Turbulence of Capillary Waves on Shallow Water

by Natalia Vladimirova 1, Ivan Vointsev 2, Alena Skoba 2 and Gregory Falkovich 2,3,*
Reviewer 1: Anonymous
Reviewer 2: Anonymous
Reviewer 3: Anonymous
Submission received: 11 February 2021 / Revised: 19 April 2021 / Accepted: 11 May 2021 / Published: 13 May 2021
(This article belongs to the Special Issue Recent Advances in Free Surface Hydrodynamics)

Round 1

Reviewer 1 Report

The current manuscript investigates the turbulence structure of capillary waves in shallow water. It has been shown analytically and numerically that a random pumping (generating zero momentum, on average) produces turbulence with a nonzero total momentum, while an anisotropic large-scale pumping produces turbulence with an anisotropy degree that decreases along the cascade. I did not find the manuscript to be well-written and technically sound. Besides, my main problem is that the originality and contribution of the paper are limited and not satisfactory if any. 

Here are some general comments for the authors. Regarding the introduction, it does not provide sufficient background, and it is not well-written; generally, the reader is not able to draw the current state of the problem and the gaps that need to be resolved. The numerical simulation procedures are barely explained, and it lacks rigor. For example, (1) authors must be precise in describing the numerical method used; this includes assessing the formal order of accuracy of the truncation error introduced by individual terms in the governing equations. (2) Solutions over a range of significantly different grid resolutions should be presented to demonstrate grid-independent or grid-convergent results. (3) Stopping criteria for iterative calculations need to be precisely explained. Estimates must be given for the corresponding convergence error. (4) In time-dependent solutions, temporal accuracy must be demonstrated so that the spurious effects of phase error are shown to be limited. In particular, it should be demonstrated that unphysical oscillations due to numerical dispersion are significantly smaller in amplitude than captured short-wavelength (in time) features of the flow. (5) Comparison with reliable experimental results is appropriate, provided experimental uncertainty is established.

Author Response

The general doubts of the referee on the soundness, originality and contribution of our paper are not backed by any argument, so we do not address them here. It is also not clear if these doubts relate to our analytic results as well.

As far as the specific referee requests are concerned, we address them in the revised manuscript.

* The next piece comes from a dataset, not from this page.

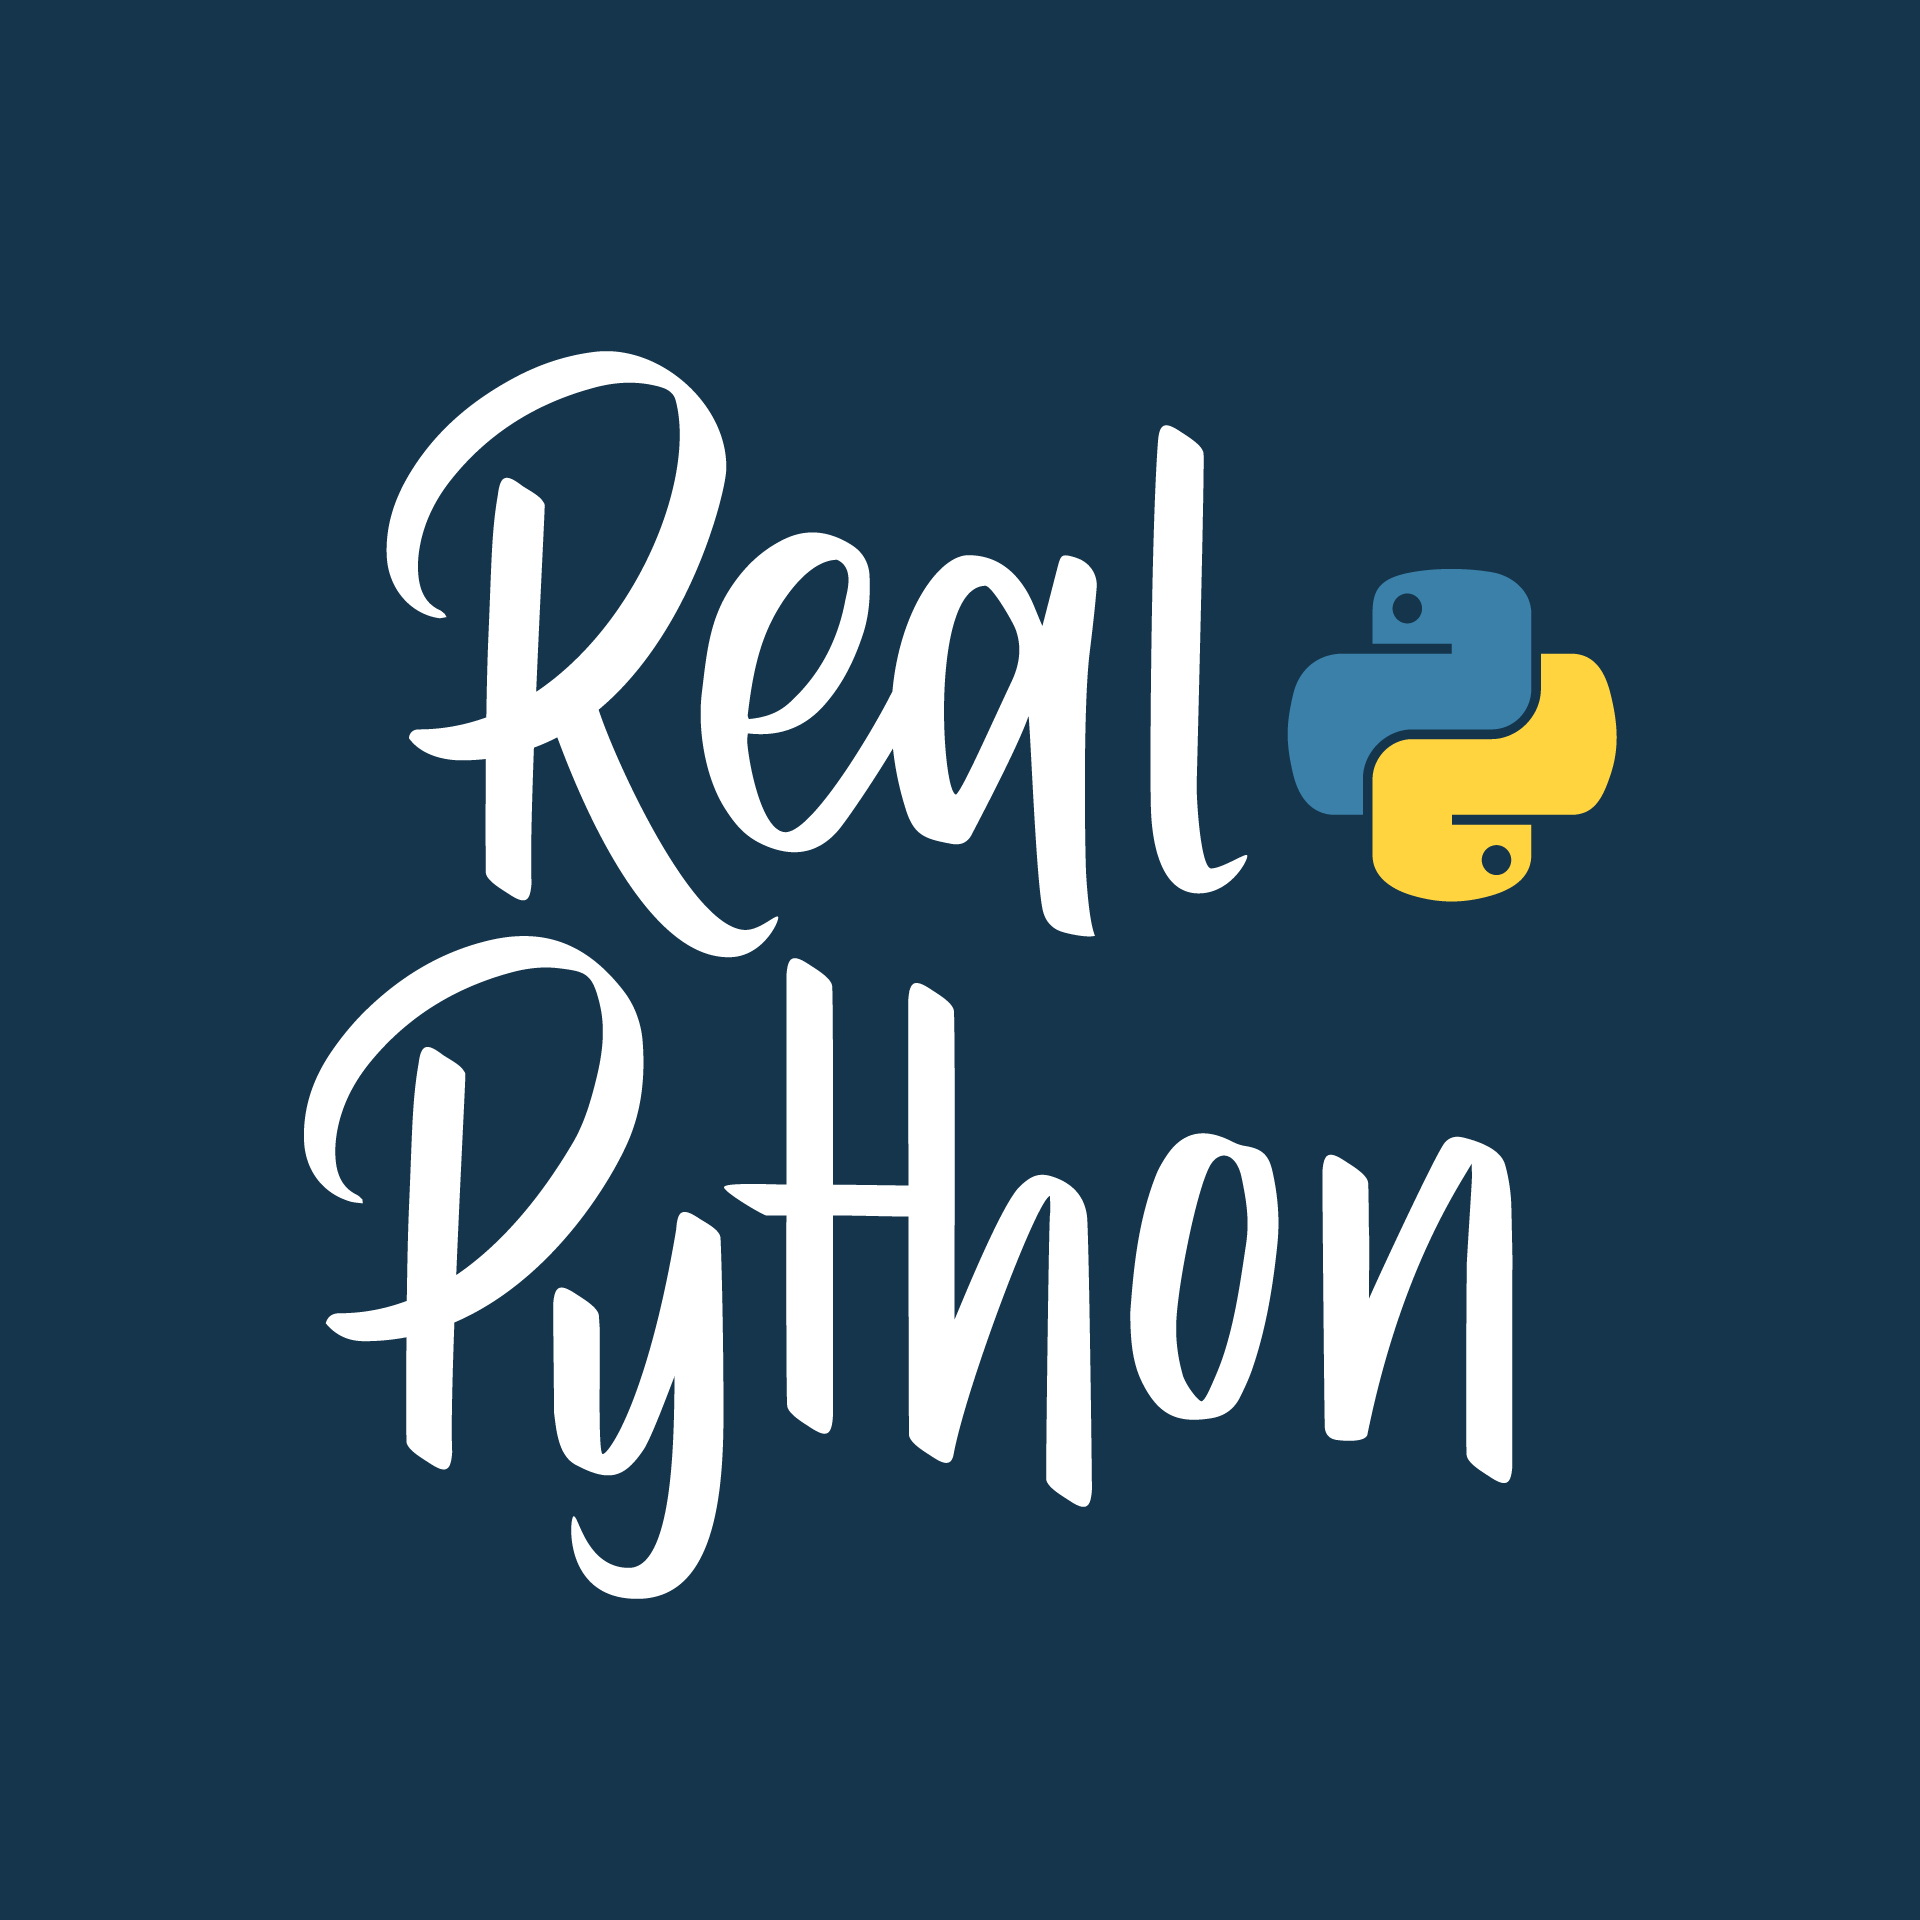 The Real Python Podcast logo

We substantially extended an Introduction to give a wider context for the problem we consider. The first paragraph of the Introduction is almost all new. Yet we do not think that the paper devoted to a well-defined particular subject needs to include an extended overview of the current state of the field with all its gaps. This is all the more so since there exist two detailed monographs on the subject, which we cite in the revised version.

Below, we cite the referee numbered remarks and give our responses.

(1) authors must be precise in describing the numerical method used, this includes assessing the formal order of accuracy of the truncation error
introduced by individual terms in the governing equations.

Response: Thank you for your attention to the importance of the numerical method and the errors in approximate solutions of the governing equations. Our overall method is a composition of simple discretizations described in undergraduate and graduate textbooks. Fourier transforms are used to compute spatial derivatives, and such global methods have different error characteristics than
finite difference and finite element approaches that use local (compact) support. Formally, the order of accuracy of the truncation error is the number of fourier harmonics used, in this case, 128th order accuracy, but "spectral accuracy" is used to emphasize that "order" is a misleading description. The limiting errors for spectral methods are aliasing errors: frequencies higher than those the grid can support (the Nyquist frequency) are misinterpreted by the method.
As described in the text, the highest third of frequencies supported on the mesh are set to zero amplitude; this is the standard way to ensure aliasing errors do not pollute the solution.  As for the time advancement, we do specify that we use a 4th order scheme.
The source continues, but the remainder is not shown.